I held my breath and stared, tears streaming down my face. I have never felt so overwhelmed.

He was perfect, absolutely perfect. I only realised in that moment that I had utterly convinced myself something would be wrong with him. How could such a shattered body produce something so utterly perfect, a tiny person with a little button nose and tiny, tiny hands?

Lucy revealed that the past two years of life have scattered her body in a total of 15 scars, with each a reminder of a step in her journey. Pictured: Lucy and baby Fox

‘Is he a Fox?’ I asked my husband, after he had been placed on my chest while the surgeons sewed me back up.

We had planned to call him Fox – but only if he looked like the kind of baby who could carry off a cool name.

‘I think he is,’ Matt said, his smile wide.

Four days later, I was on my way home with baby Fox sleeping in my arms. Breathing in the stillness of the morning and beaming at a passer-by in her wheelchair, I remembered my time in rehab and the lessons I learned in simplicity, in gratitude, and in finding the joy of each small moment. I soaked up the sensations, feeling as if I could burst with happiness.

The tribulations of the last two years have scattered a total of 15 scars across my body, each a reminder of another step in my journey back to where I am today.

Lucy explained that she feels like the luckiest person in the world. Pictured: Lucy and baby Fox

The final scar marks the birth of baby Fox, now four months old, and my rebirth as a mum – a mum who is alive, a mum with a story to tell, a mum who might just be the luckiest person in the world.

Not long ago I found a small pot of gold powder on our dining room table, alongside a card from my husband.
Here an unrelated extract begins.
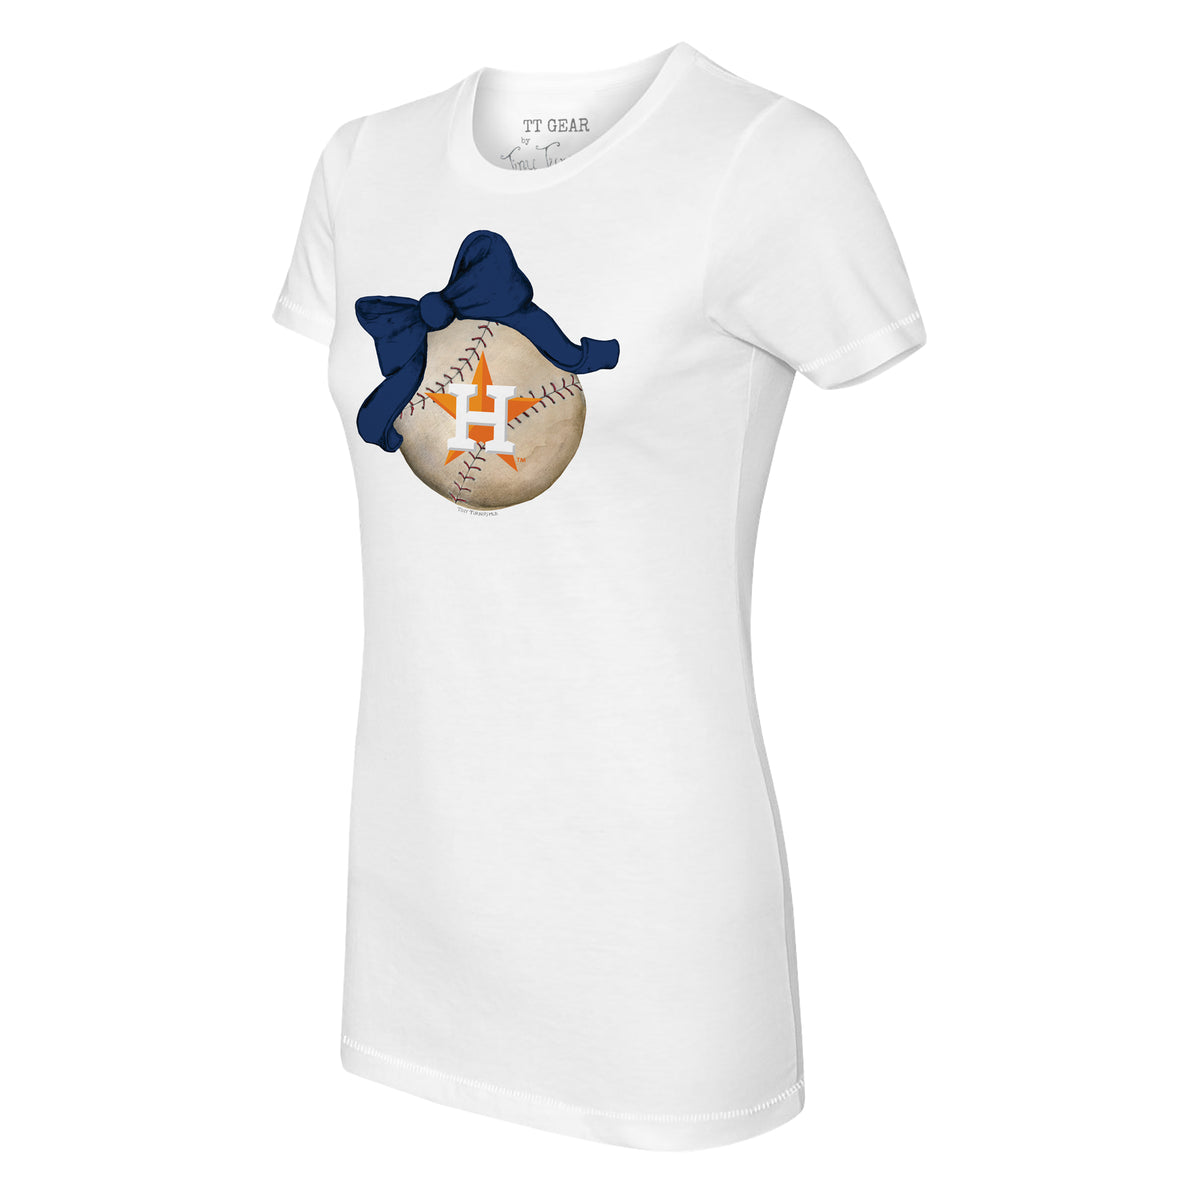 Toddler Tiny Turnip White/Navy Houston Astros Baseball Pow 3/4-Sleeve Raglan T-Shirt Size: 2T

The card explained that, in Japanese culture, when a precious piece of pottery is broken it is fixed with lacquer mixed with powdered gold, and the breaks are duly recognised as part of the object’s history. The practice is called Kintsugi, and the result makes the fixed piece even more beautiful than it was before.

‘Which is exactly what your scars do to you’, the note said. I am grateful for each and every one of them.